# Work instruction:
Once you find the line with "Slow is the rhythm of the moment" in the listing below, please repeat it and every later line exactly, through the last one, without pictures.

# Dataset extract:
_ _ _ _
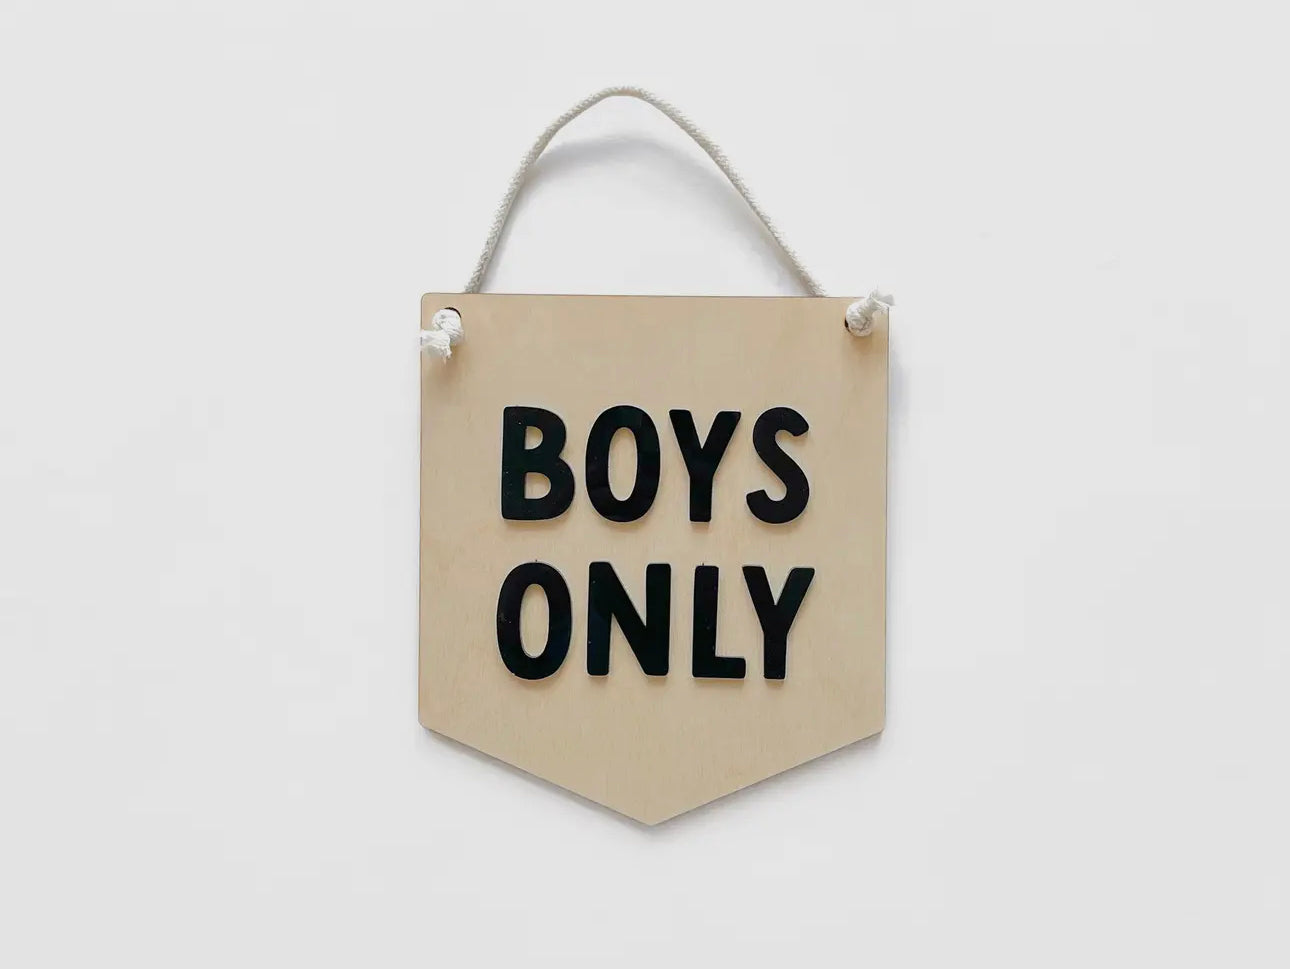 Boys only room sign
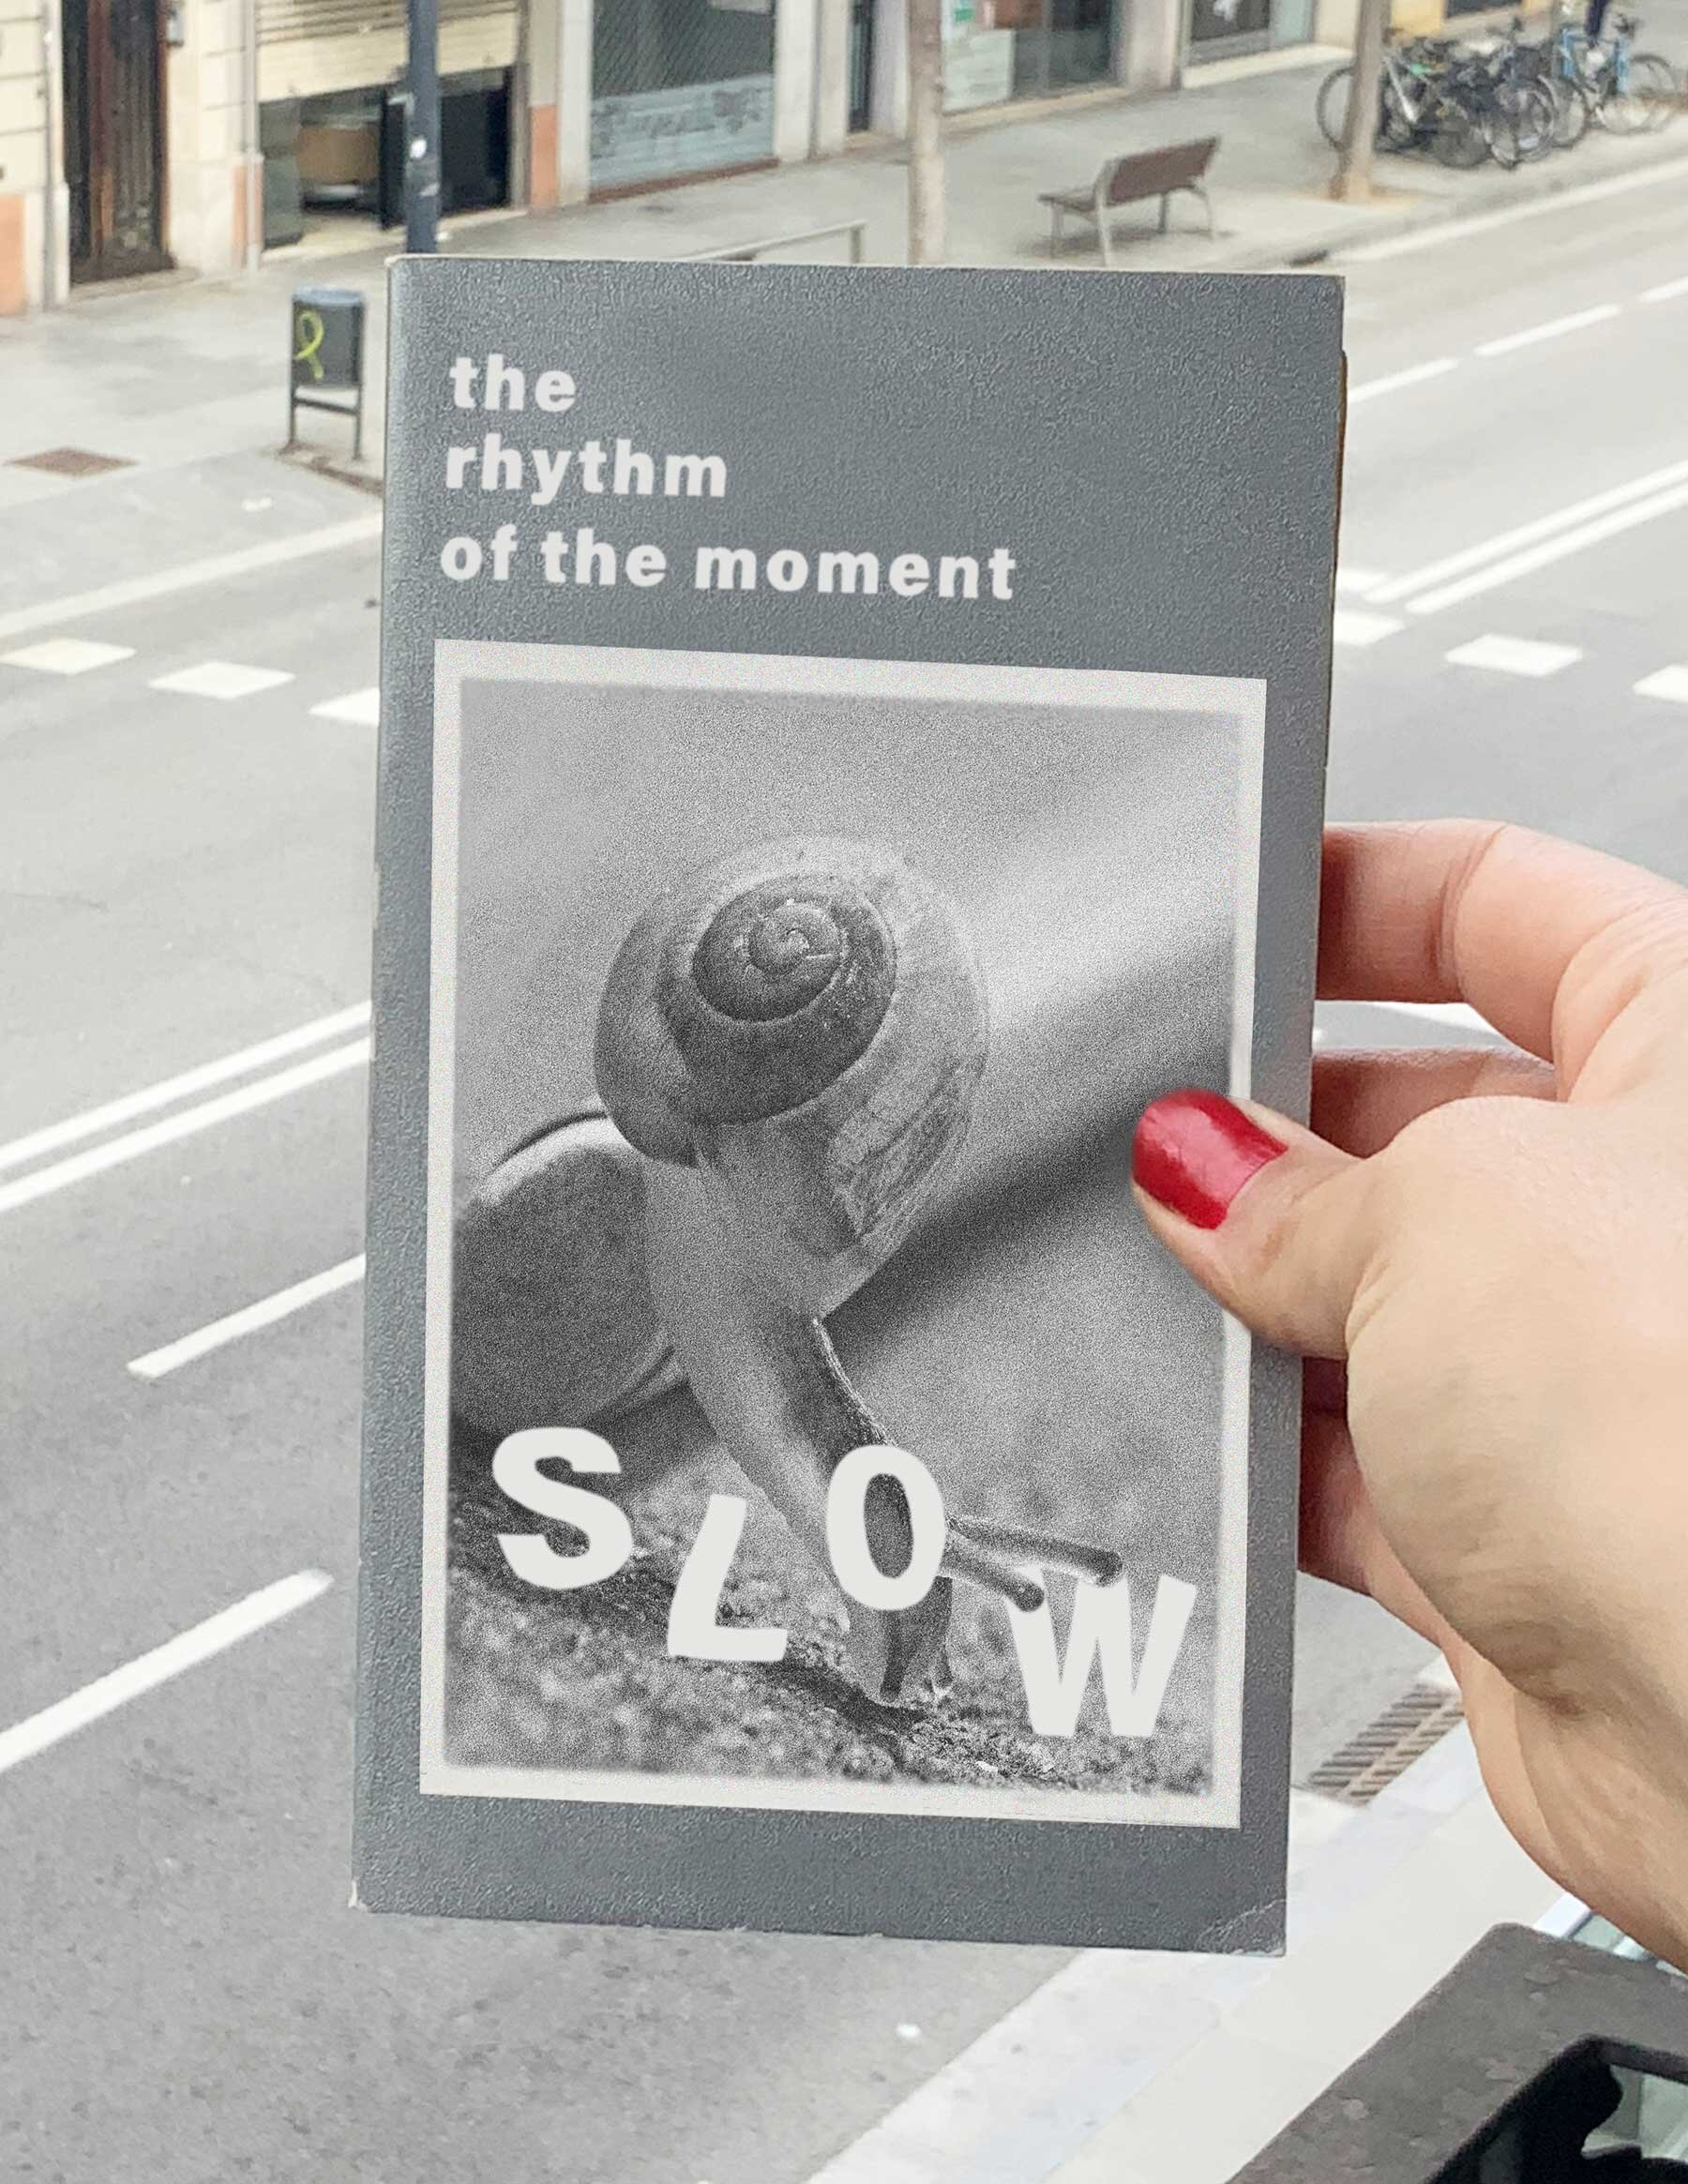 Slow is the rhythm of the moment
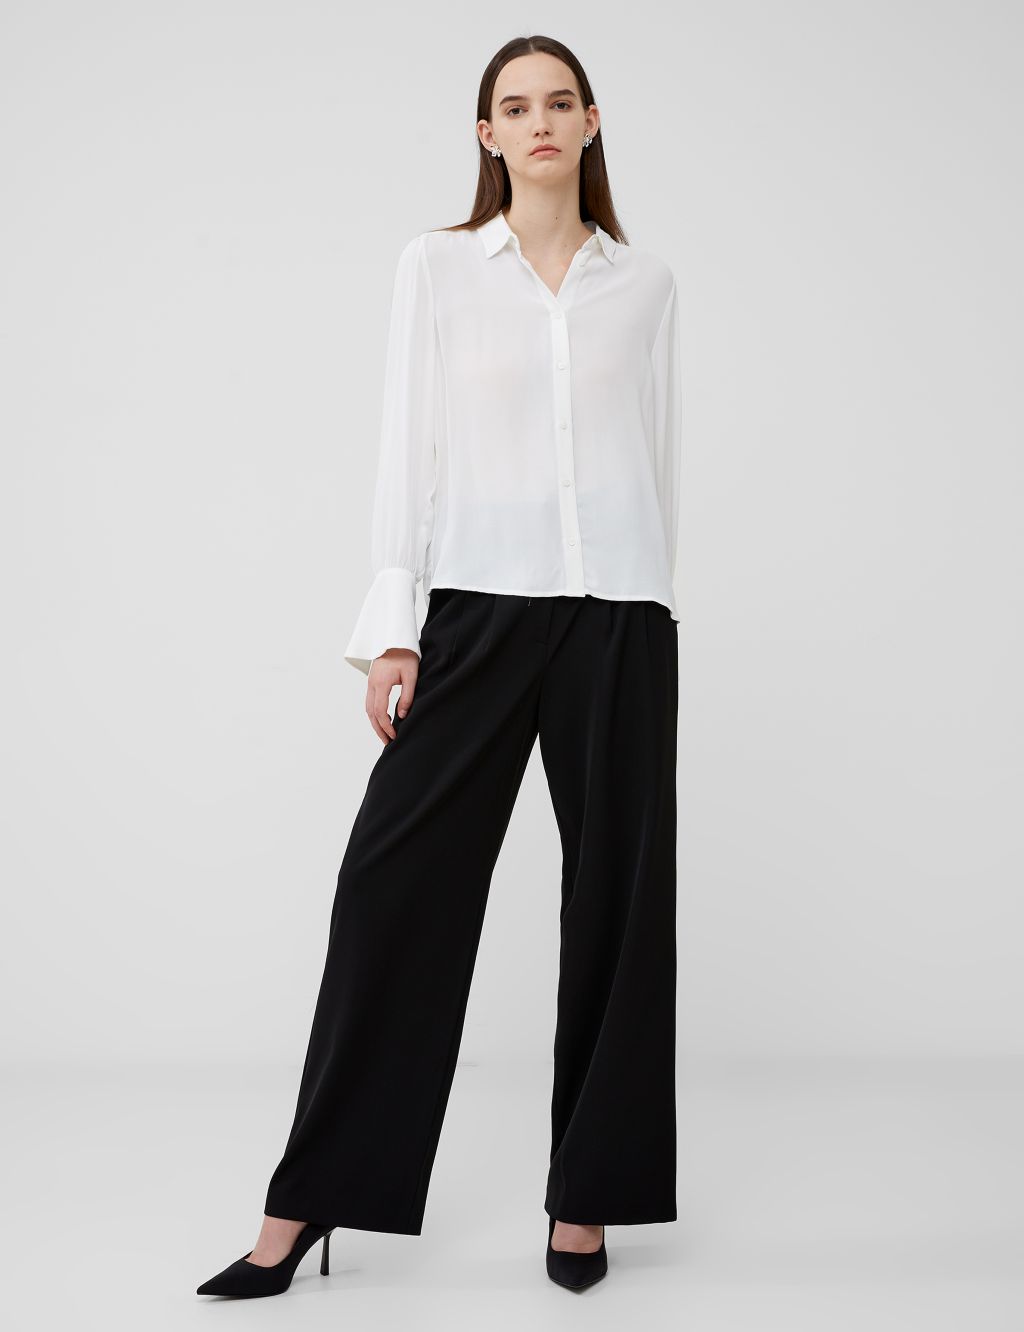 Buy Crepe Collared Shirt | French Connection | M&S
_ _ _ _
# Result:
 Slow is the rhythm of the moment
 Buy Crepe Collared Shirt | French Connection | M&S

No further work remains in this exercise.